Recorded data
━━━━━━━━

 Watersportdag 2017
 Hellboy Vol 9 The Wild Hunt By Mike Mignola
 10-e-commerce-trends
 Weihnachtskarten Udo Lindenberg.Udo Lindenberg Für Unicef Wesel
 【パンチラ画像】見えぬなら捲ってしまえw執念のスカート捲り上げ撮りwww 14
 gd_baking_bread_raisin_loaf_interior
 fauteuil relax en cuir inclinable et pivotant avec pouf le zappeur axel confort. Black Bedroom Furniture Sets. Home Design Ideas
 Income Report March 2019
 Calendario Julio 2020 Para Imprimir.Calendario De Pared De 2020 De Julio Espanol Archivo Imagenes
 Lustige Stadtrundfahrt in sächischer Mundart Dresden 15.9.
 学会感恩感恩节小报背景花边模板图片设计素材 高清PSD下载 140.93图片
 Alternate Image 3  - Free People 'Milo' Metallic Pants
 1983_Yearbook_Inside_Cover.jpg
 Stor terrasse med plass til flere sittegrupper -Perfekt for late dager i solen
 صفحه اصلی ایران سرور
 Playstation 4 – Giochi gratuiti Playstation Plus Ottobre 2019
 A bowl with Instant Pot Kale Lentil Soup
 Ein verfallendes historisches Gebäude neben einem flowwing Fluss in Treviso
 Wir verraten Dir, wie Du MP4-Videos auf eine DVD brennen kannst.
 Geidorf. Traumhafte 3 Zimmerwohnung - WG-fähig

━━━━━━━━

Activity
Copy the lines above exactly. Start with the line containing "fauteuil relax en", end with the line containing "Alternate Image 3", and include both.

Answer
 fauteuil relax en cuir inclinable et pivotant avec pouf le zappeur axel confort. Black Bedroom Furniture Sets. Home Design Ideas
 Income Report March 2019
 Calendario Julio 2020 Para Imprimir.Calendario De Pared De 2020 De Julio Espanol Archivo Imagenes
 Lustige Stadtrundfahrt in sächischer Mundart Dresden 15.9.
 学会感恩感恩节小报背景花边模板图片设计素材 高清PSD下载 140.93图片
 Alternate Image 3  - Free People 'Milo' Metallic Pants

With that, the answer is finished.